▶ What the task asks: Pictures aside, write out every record exactly as it appears.

▶ Records to use:
:::::

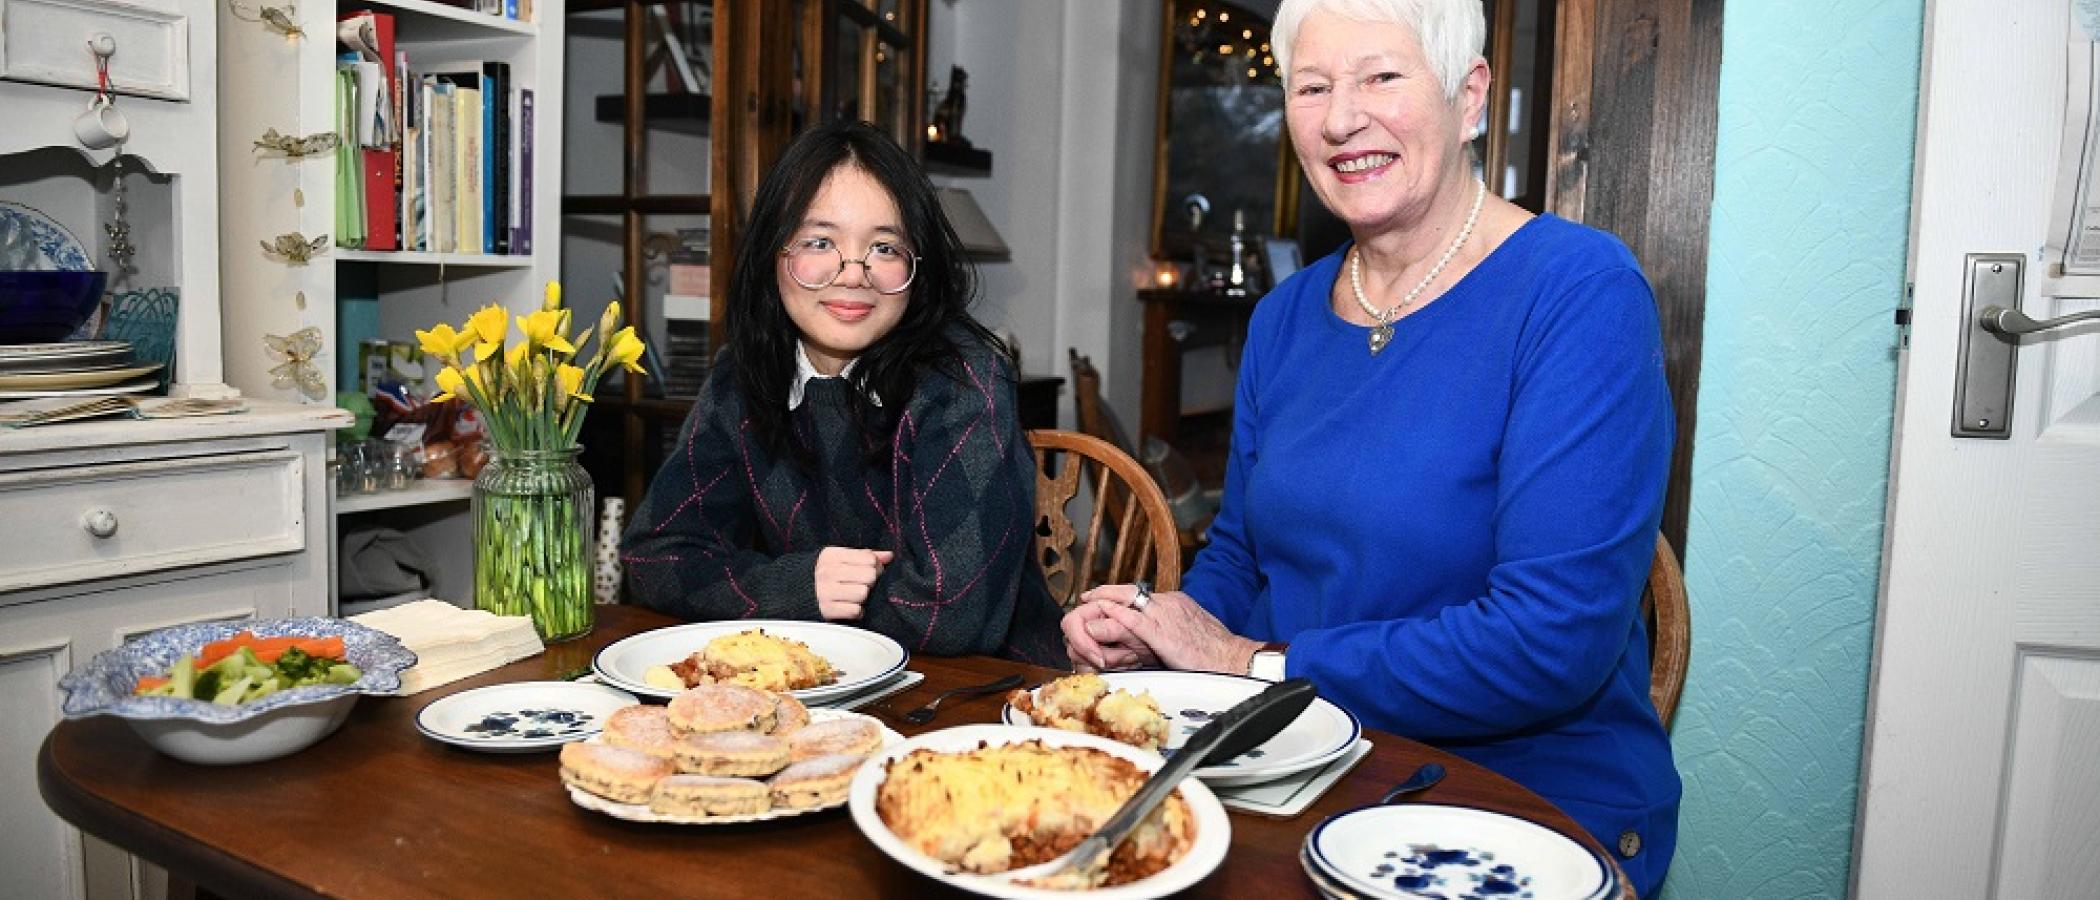 Sue Morris and Nguyen Nghi having dinner at the table
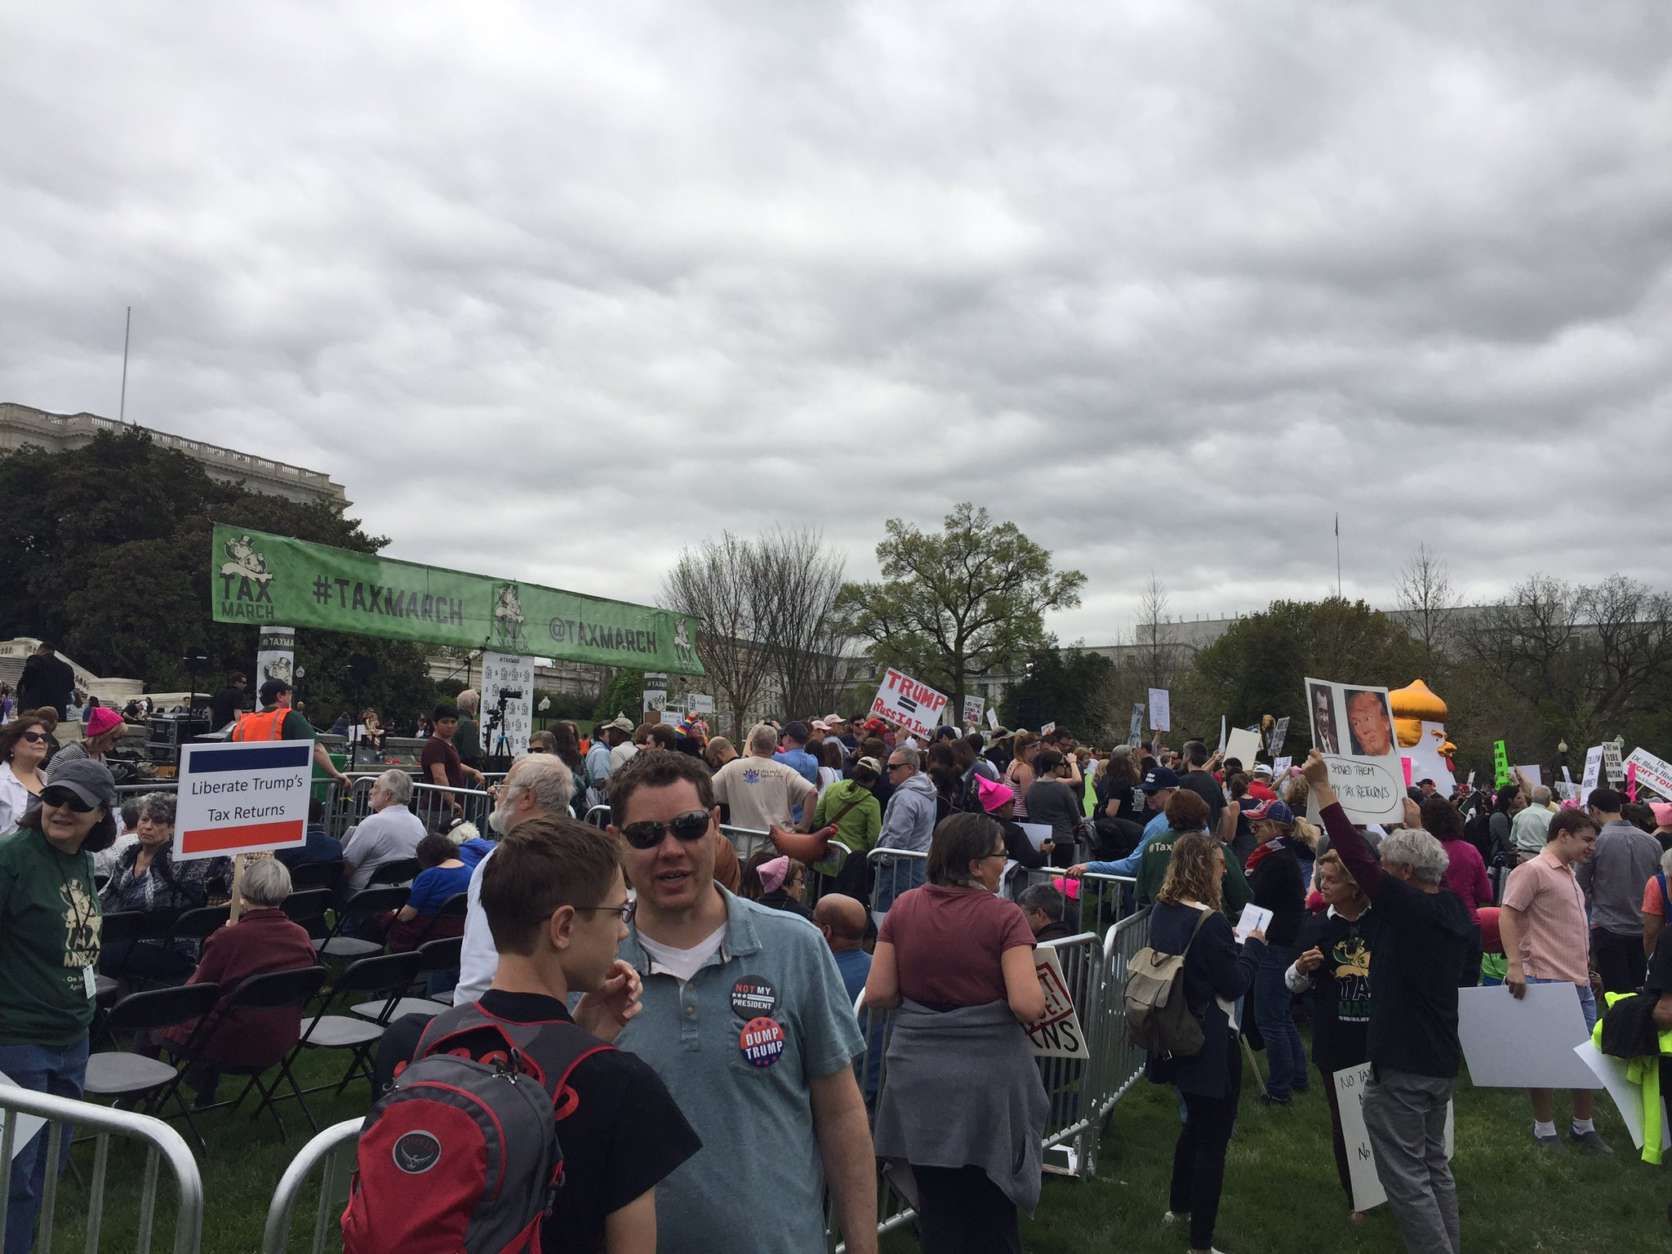 Thousands gathered on west lawn of the Capitol for  the Tax Day march. (WTOP/John Domen)
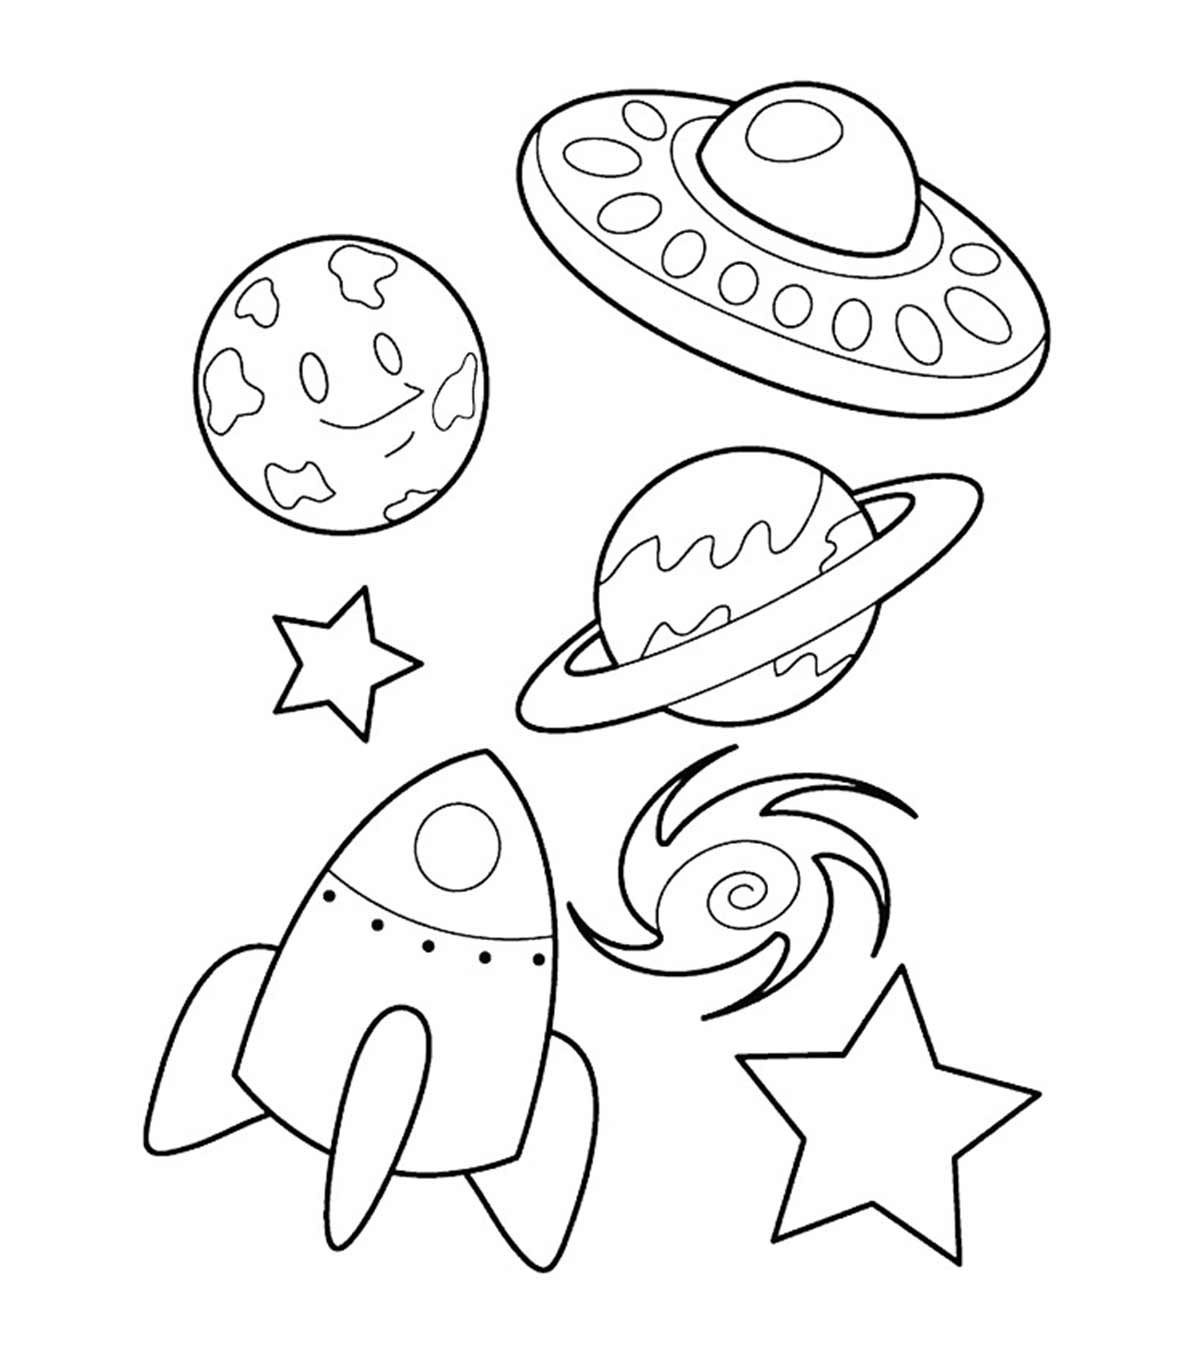 10 Best Spaceship Coloring Pages For Toddlers_image
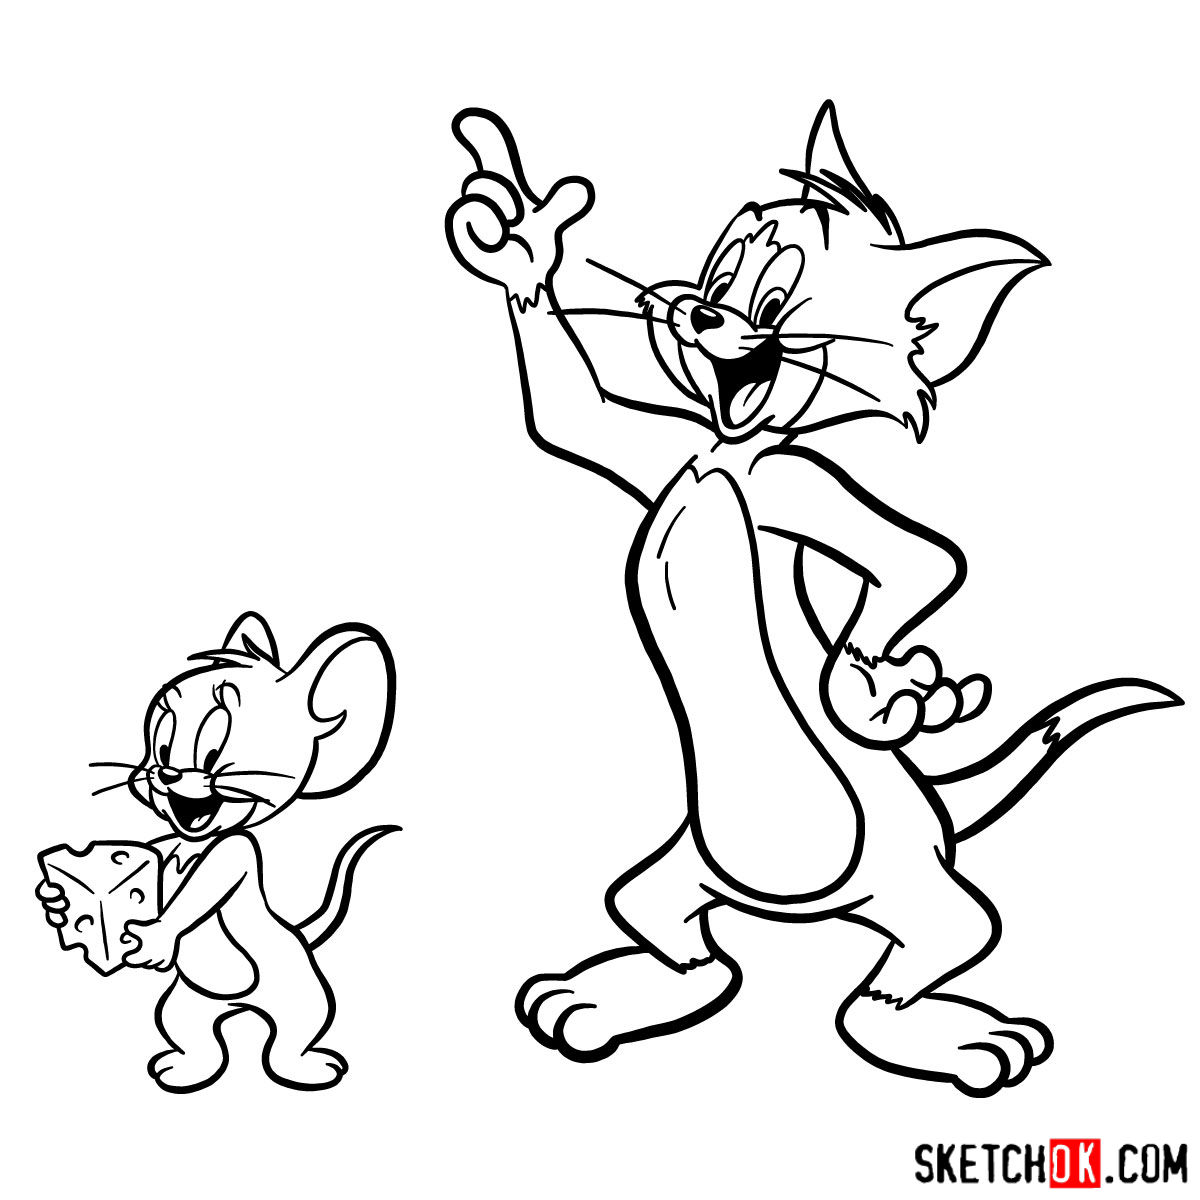 How to draw Tom and Jerry together - step 20
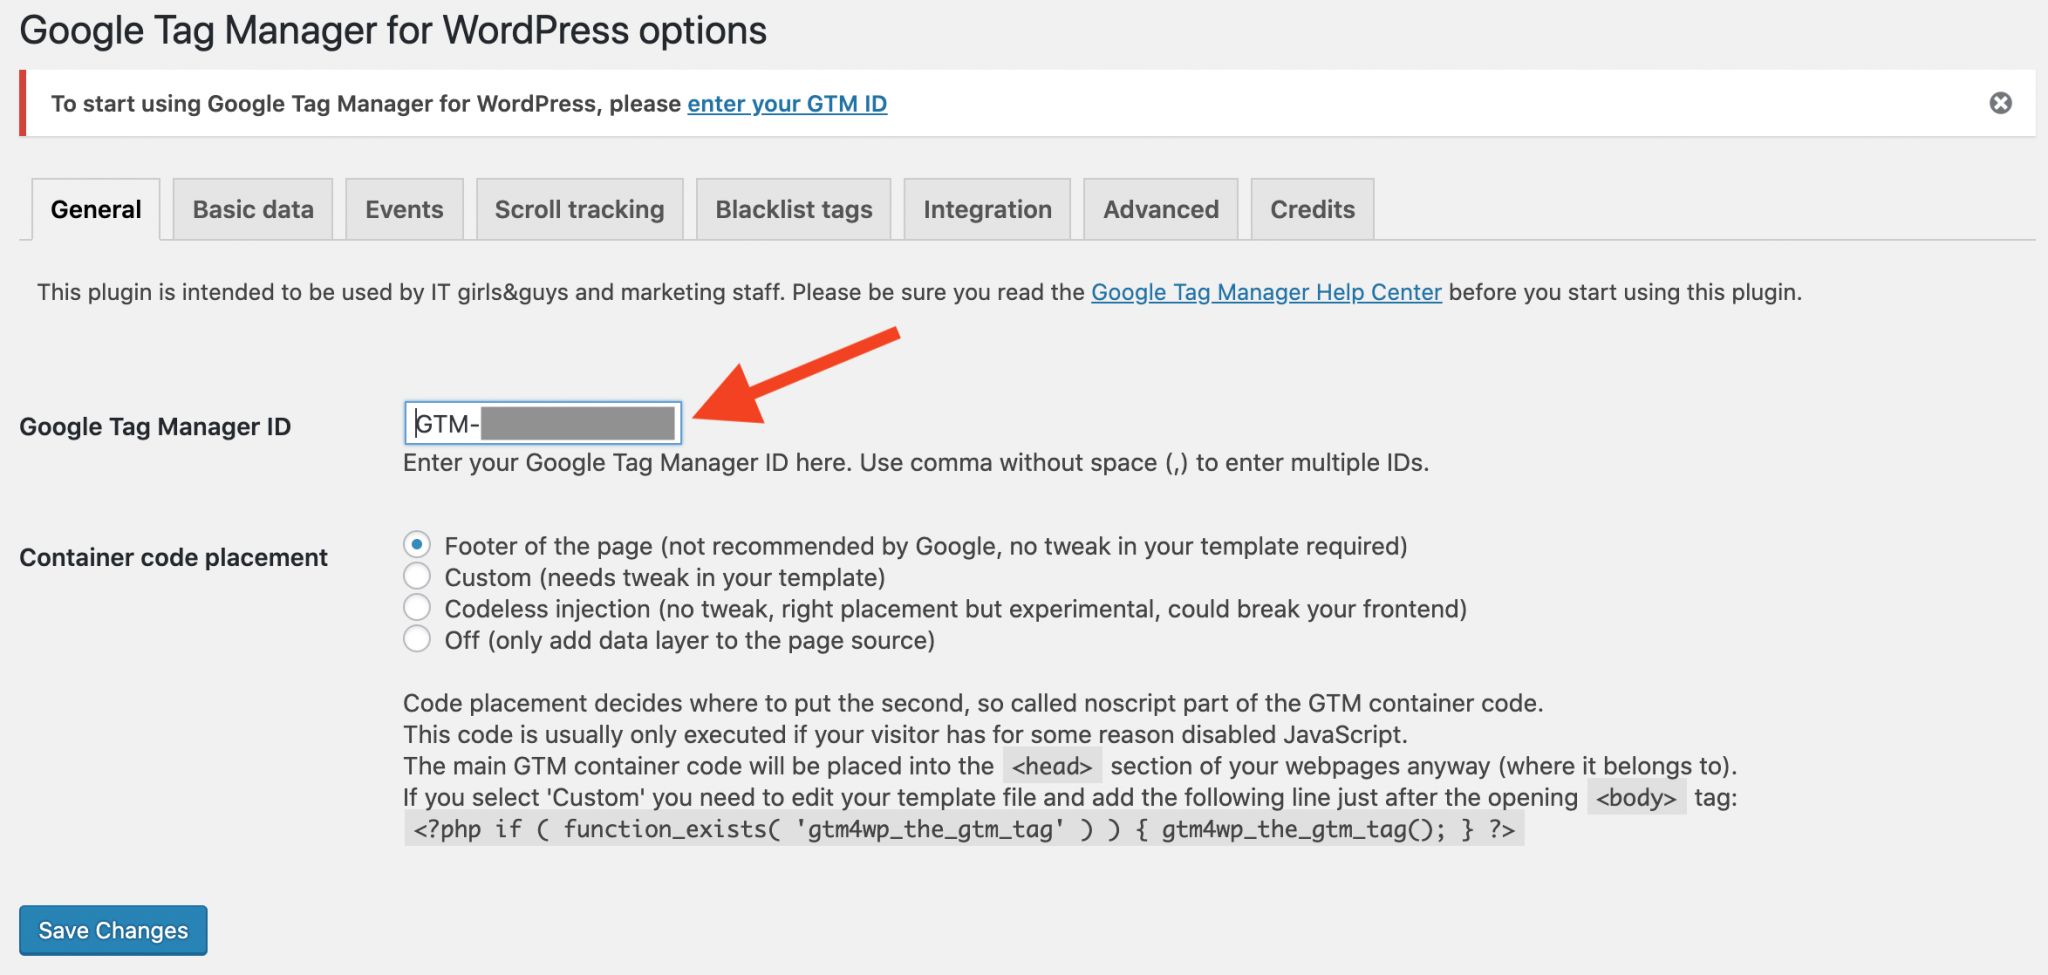 Where to put the Google Tag Manager ID on wordpress admin

:::::

▶ Result of the task:
 Sue Morris and Nguyen Nghi having dinner at the table
 Thousands gathered on west lawn of the Capitol for  the Tax Day march. (WTOP/John Domen)
 10 Best Spaceship Coloring Pages For Toddlers_image
 How to draw Tom and Jerry together - step 20
 Where to put the Google Tag Manager ID on wordpress admin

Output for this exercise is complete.